< Jesaja 18 >

1 Ha, het land van de gonzende vleugels, Aan de overzijde der stromen van Koesj,
הוֹי אֶרֶץ צִלְצַל כְּנָפָיִם אֲשֶׁר מֵעֵבֶר לְנַֽהֲרֵי־כֽוּשׁ׃
2 Dat gezanten zendt over zee, In rieten boten over het water. Keert terug, snelle boden, naar het rijzige, glanzende volk, Naar de natie, heinde en verre geducht, Naar het volk van kracht en victorie, Wiens land is doorsneden van stromen.
הַשֹּׁלֵחַ בַּיָּם צִירִים וּבִכְלֵי־גֹמֶא עַל־פְּנֵי־מַיִם לְכוּ ׀ מַלְאָכִים קַלִּים אֶל־גּוֹי מְמֻשָּׁךְ וּמוֹרָט אֶל־עַם נוֹרָא מִן־הוּא וָהָלְאָה גּוֹי קַו־קָו וּמְבוּסָה אֲשֶׁר־בָּזְאוּ נְהָרִים אַרְצֽוֹ׃
3 Gij allen, die de wereld bewoont, En de aarde bevolkt, Ziet toe, als de banier wordt geplant op de bergen, Luistert, als de bazuin wordt gestoken!
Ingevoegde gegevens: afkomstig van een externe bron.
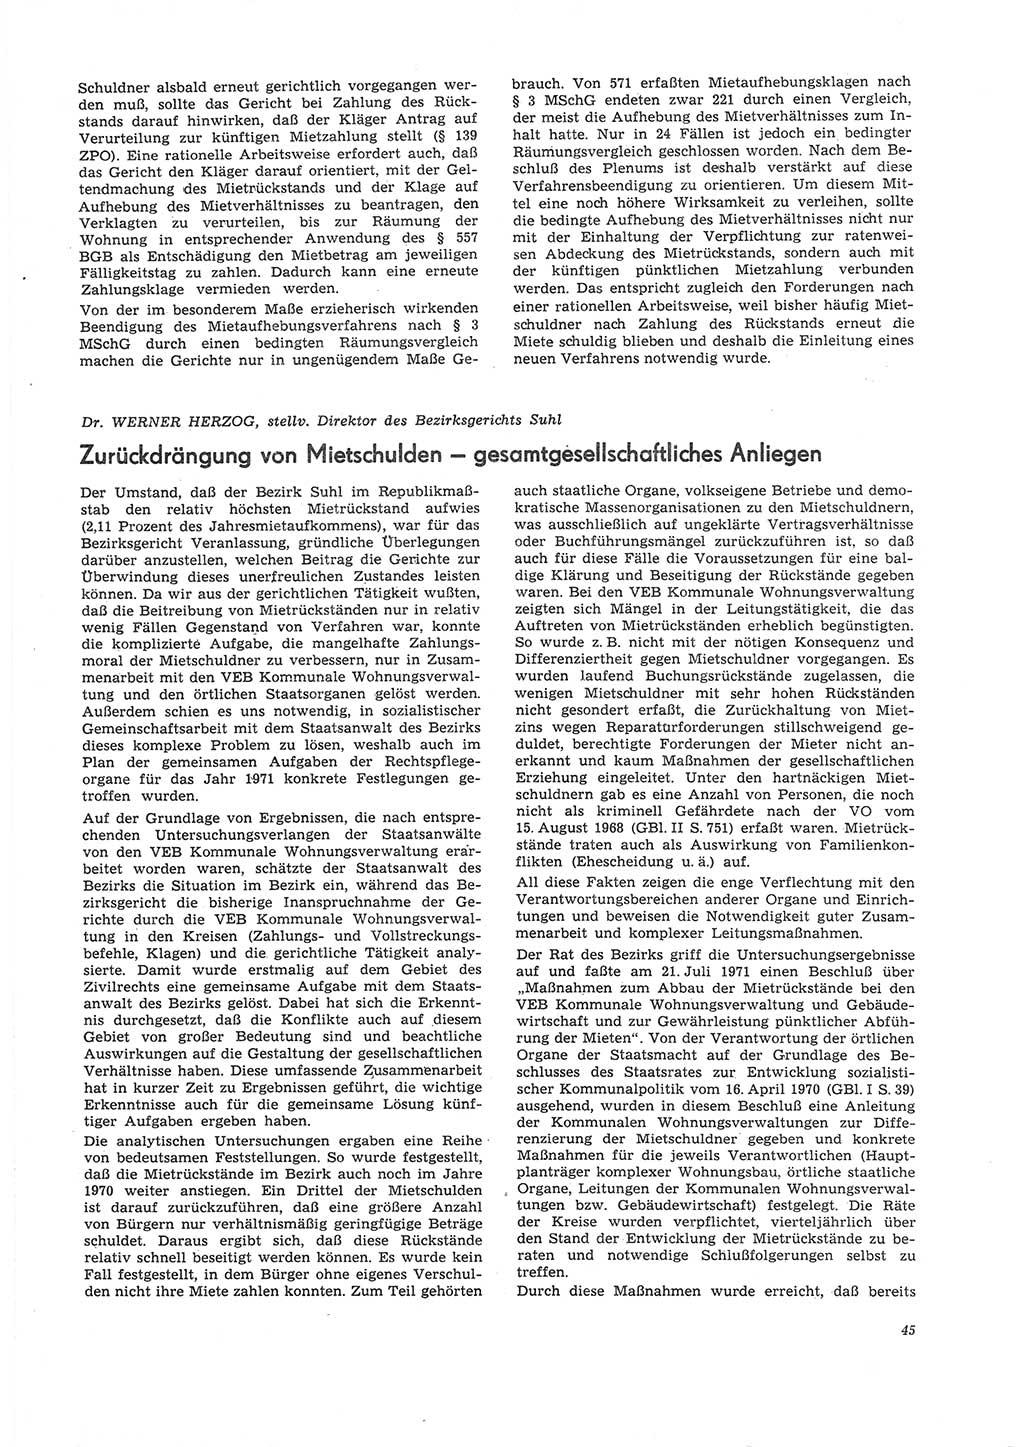 Neue Justiz (NJ), Zeitschrift für Recht und Rechtswissenschaft [Deutsche Demokratische Republik (DDR)], 26. Jahrgang 1972, Seite 45 (NJ DDR 1972, S. 45)
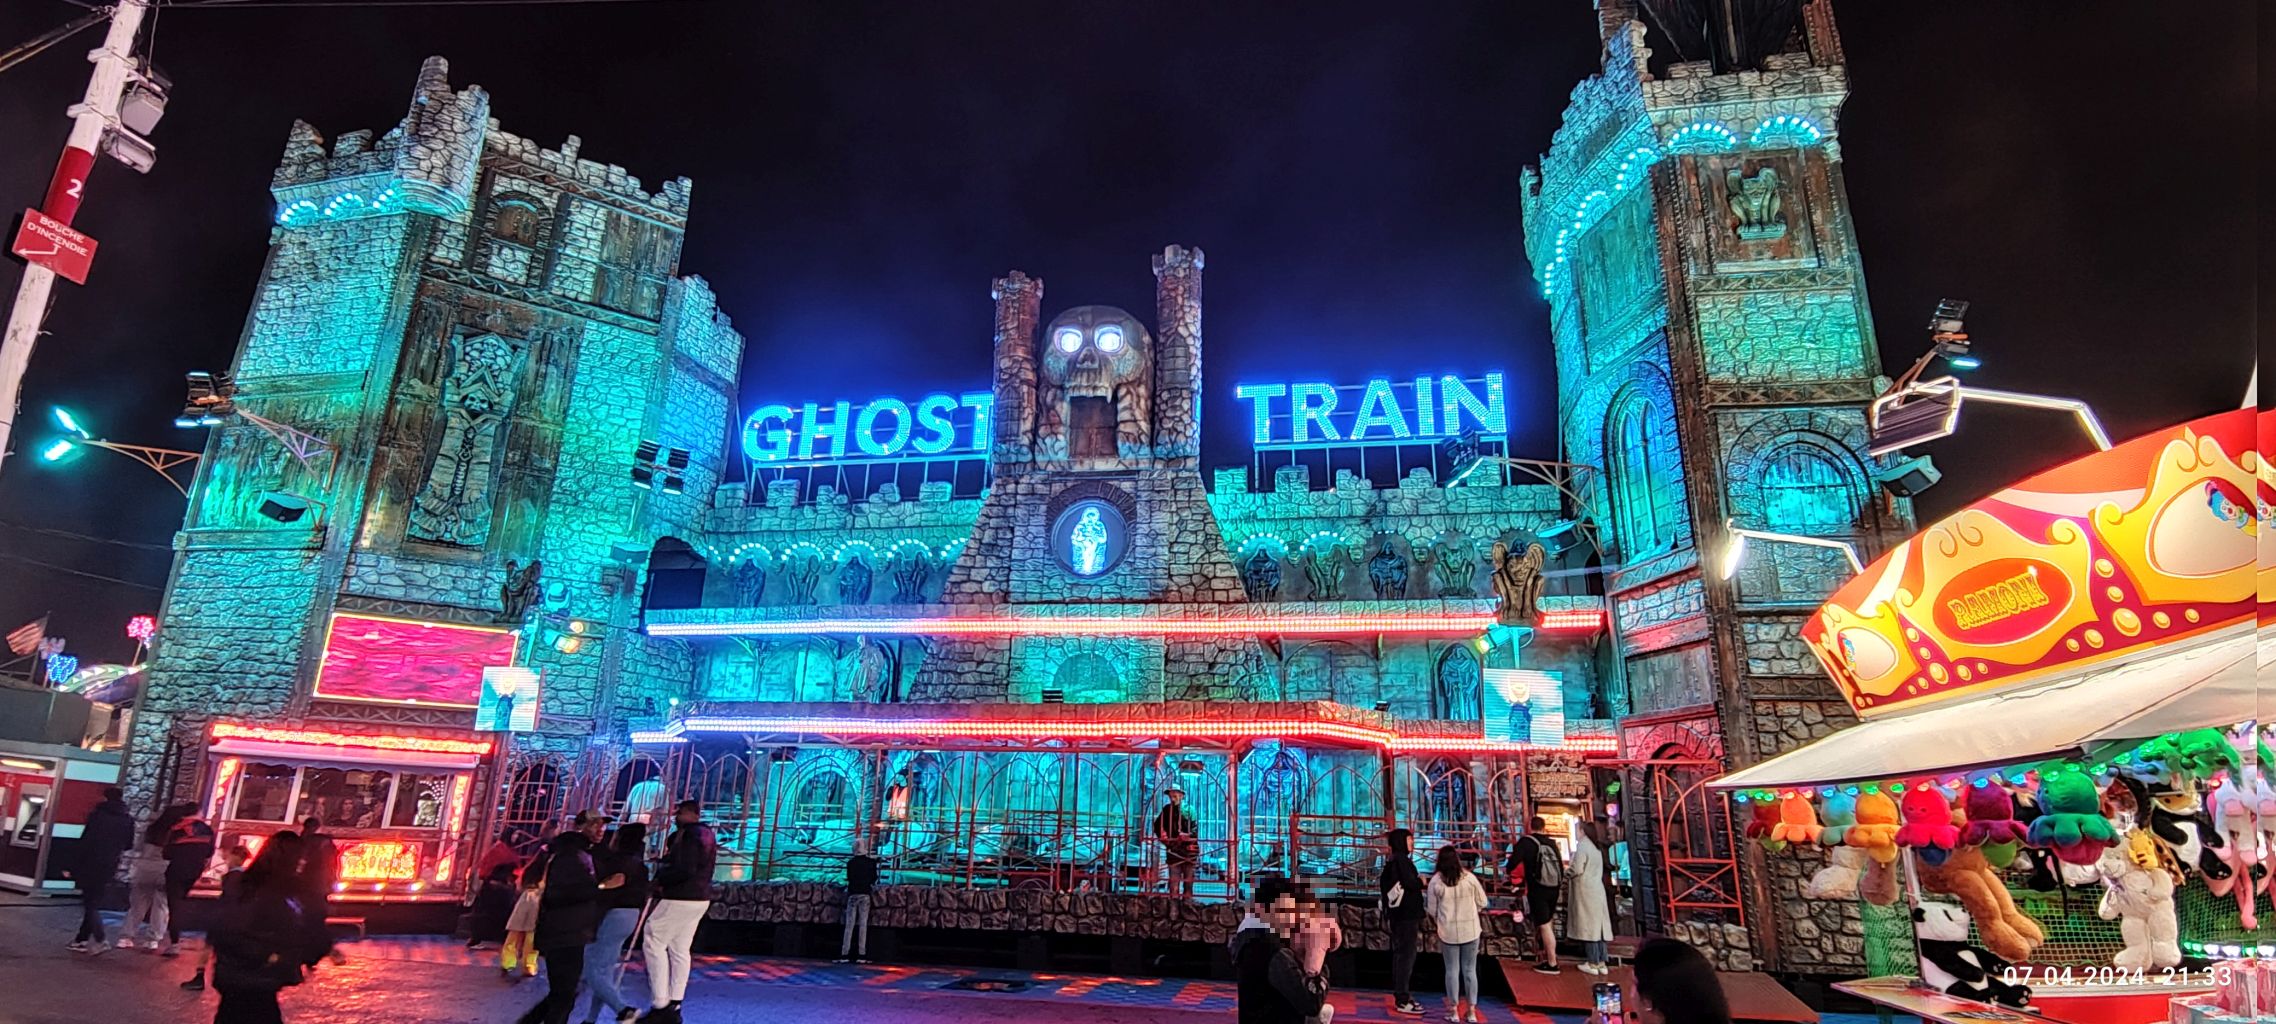 Ghost Train (Maury)

כָּל־יֹשְׁבֵי תֵבֵל וְשֹׁכְנֵי אָרֶץ כִּנְשֹׂא־נֵס הָרִים תִּרְאוּ וְכִתְקֹעַ שׁוֹפָר תִּשְׁמָֽעוּ׃
4 Want dit heeft Jahweh mij gezegd: Rustig zie Ik toe in mijn woning, Als de stralende gloed van de zon, Als een nevel van dauw in de oogst.
כִּי כֹה אָמַר יְהוָה אֵלַי אשקוטה אֶשְׁקֳטָה וְאַבִּיטָה בִמְכוֹנִי כְּחֹם צַח עֲלֵי־אוֹר כְּעָב טַל בְּחֹם קָצִֽיר׃
5 Want vóór de oogst, als de bloeitijd voorbij is, En de bloesems rijpende druiven worden, Snijdt Hij de ranken af met het mes, En kapt Hij de takken weg.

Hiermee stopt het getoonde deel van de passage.